Estimate number of keys stored in the AAE tree. This is determined by sampling segments to to calculate an estimated keys-per-segment value, which is then multiplied by the number of segments. Segments are sampled until either 1% of segments have been visited or 1000 keys have been observed.

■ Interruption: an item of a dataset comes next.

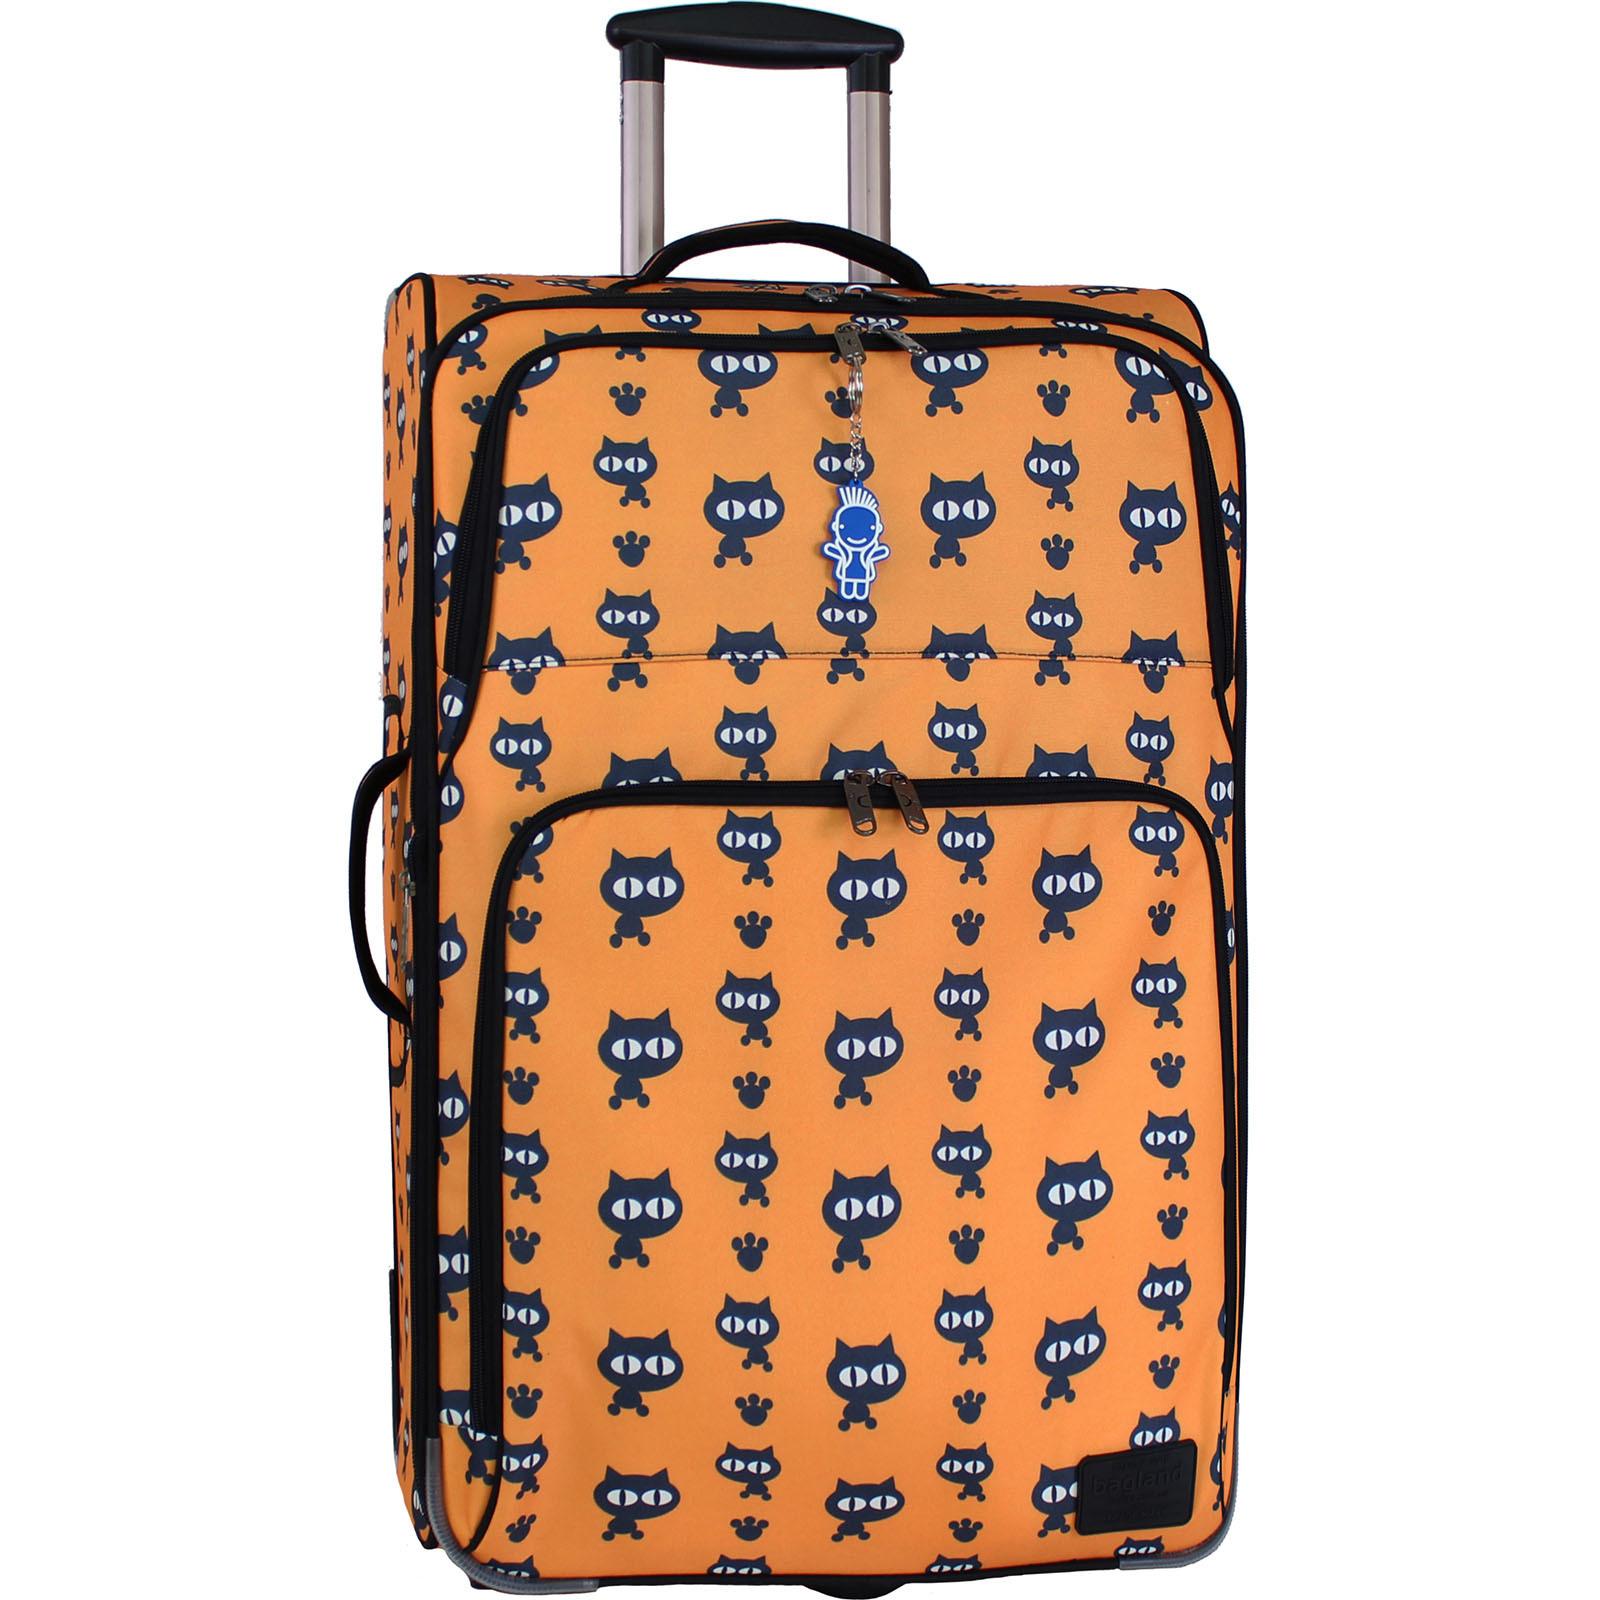 Дорожные чемоданы Чемодан Bagland Леон большой дизайн 70 л. сублімація 177 (0037666274) IMG_9833.JPG

Note: this function must be called on a tree with a valid iterator, such as the snapshotted tree returned from update_snapshot/1 or a recently updated tree returned from update_tree/1 (which internally creates a snapshot). Using update_tree/1 is the best choice since that ensures segments are updated giving a better estimate.

flush_buffer/1

flush_buffer(State) -> any()

get_bucket/3

get_bucket(Level::integer(), Bucket::integer(), State::hashtree()) -> orddict()

insert/3

insert(Key::binary(), ObjHash::binary(), State::hashtree()) -> hashtree()

insert/4

insert(Key::binary(), ObjHash::binary() | tombstone, State::hashtree(), Opts::proplist()) -> hashtree()

key_hashes/2

key_hashes(State::hashtree(), Segment::integer()) -> [{integer(), orddict()}]

levels/1

levels(State::hashtree()) -> pos_integer()

mark_clean_close/2

mark_clean_close(TreeId::index_n() | binary(), State::hashtree()) -> hashtree()

Call on a clean-close to update the meta for a tree-id's closed count to match the current opened count, which is checked on new/reopen.

mark_open_and_check/2

mark_open_and_check(TreeId::index_n() | binary(), State::hashtree()) -> hashtree()

Check if shutdown/closing of tree-id was clean/dirty by comparing closed to opened metadata count for the hashtree, and, increment opened count for hashtree-id.

If it was a clean shutdown, set next_rebuild to be an incremental one. Otherwise, if it was a dirty shutdown, set next_rebuild, instead, to be a full one.